When a Studio Investigates Its Own Project – The Hollywood Reporter

It began with an anonymous note and ended with the scuttling of a $35 million feature. Skydance was about two months away from starting production on Dallas Sting, an inspirational true-life tale that was to star Matthew McConaughey, when the film was scrapped Sept. 14. It was to focus on a high school-age girls soccer team that in 1984 defeated some of the best women’s teams in the world, and their coach, Bill Kinder.

McConaughey’s representative at WME received an anonymous complaint about Kinder, forwarding it to producers at Skydance and Berlanti Productions. In an interview with the Daily Mail on Sept. 15, Kinder said the letter accused him of inappropriate touching and namecalling. (Kinder, who was alerted to the letter Aug. 29, denied the claims.)

Sources tell The Hollywood Reporter that Skydance hired an investigator to track down the accuser, launching a probe that saw many interviews conducted during the next two weeks.

It is unclear what the probe revealed or whether it had even finished as a chilling effect frosted over: McConaughey, who was going to play the coach, and director Kari Skogland left the project, which had the potential to become radioactive. No one wanted to face the possibility of being in a junket a year down the road answering questions about a character’s alleged misconduct. “People got spooked,” notes one insider.

Producers working in the real-life arena watched with some trepidation as the project got its plug pulled and Skydance took a hit of several million dollars. After all, no formal accusation had been made; no one had stepped out to publicly criticize the coach. Underscoring the rarity of the situation, one executive focused on the journalistic adaptations says studio investigations like this “never happen,” with companies assuming skeletons will shake out as journalists write articles.
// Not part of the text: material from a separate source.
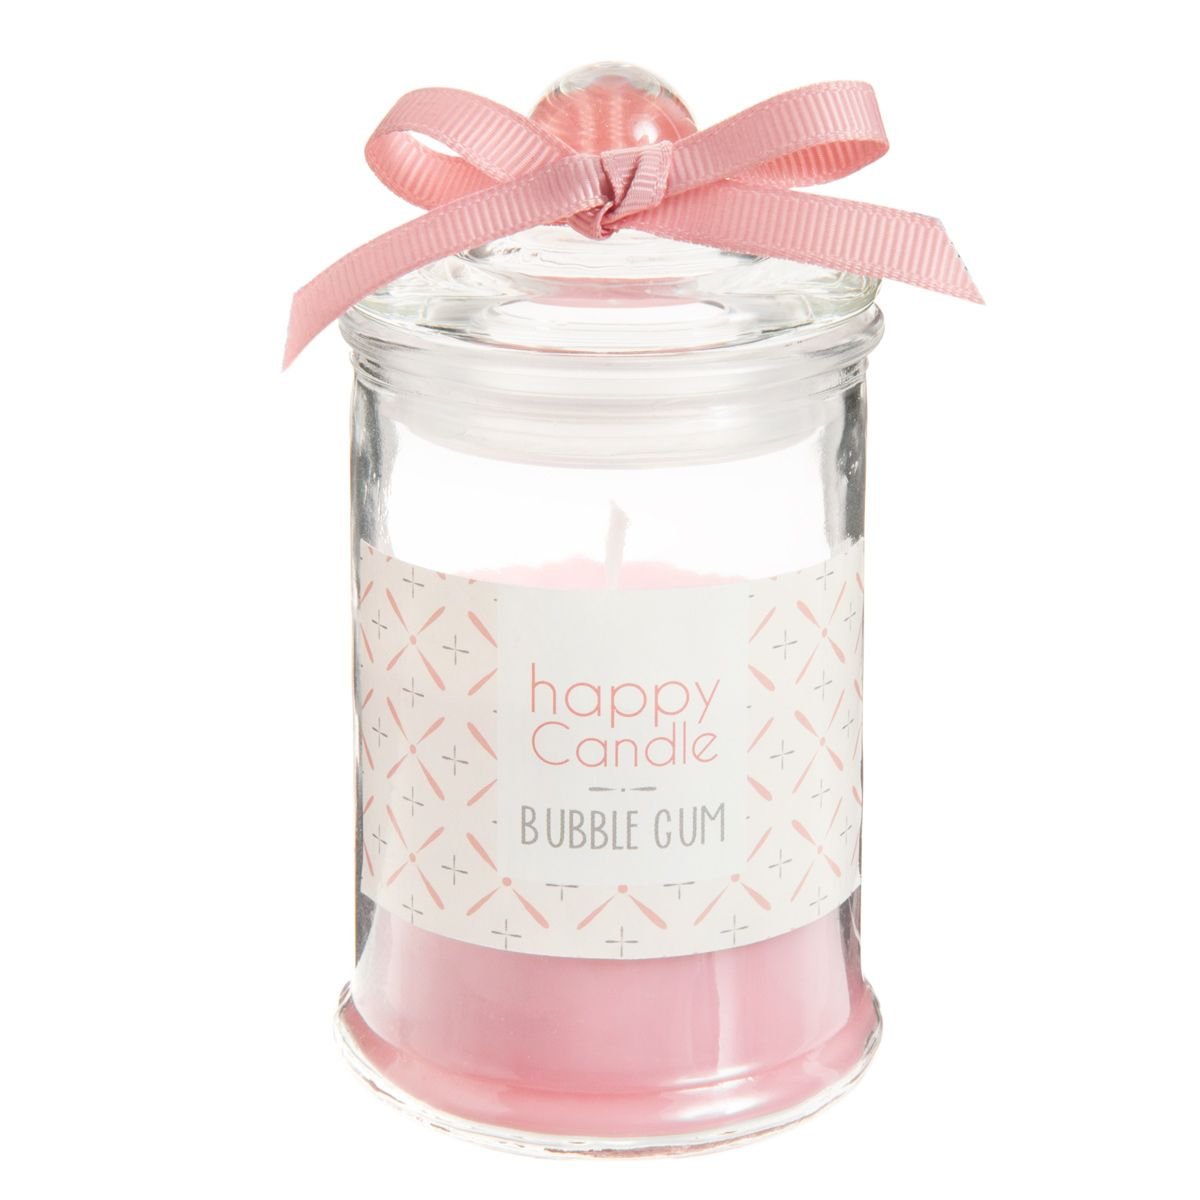 Bougie bonbonnière parfumée bubble gum corail H 11 cm VINTAGE ...

Still, there have been instances in the past when allegations surfaced late in the game. In late 2019, Apple had to adjust course on the Samuel L. Jackson, Anthony Mackie film The Banker, after the son of Mackie’s character, Bernard Garrett Sr., was accused of molesting two girls in the family decades earlier. Apple abandoned an Oscars push for the film and moved its release out of awards season.

Observers don’t believe the Sting situation will have a chilling effect on the telling of true-life stories, as its dynamics seem to be pretty specific. One producer who has adapted works of journalism for TV dramatization says that you usually see smoke before there is fire if you talk to enough people in a subject’s life. Because the film featured someone — Kinder — who isn’t a household name, there were fewer available public records against with which to weigh moving forward on the biopic.

Still, “the takeaway is, all it takes is allegations, and that’s enough to make it true.” Says another producer: “The whole value of the project is contingent on that story. If the story becomes questionable, the value is gone.”

Aaron Couch contributed reporting.

A version of this story appeared in the Sept. 27 issue of The Hollywood Reporter magazine. Click here to subscribe.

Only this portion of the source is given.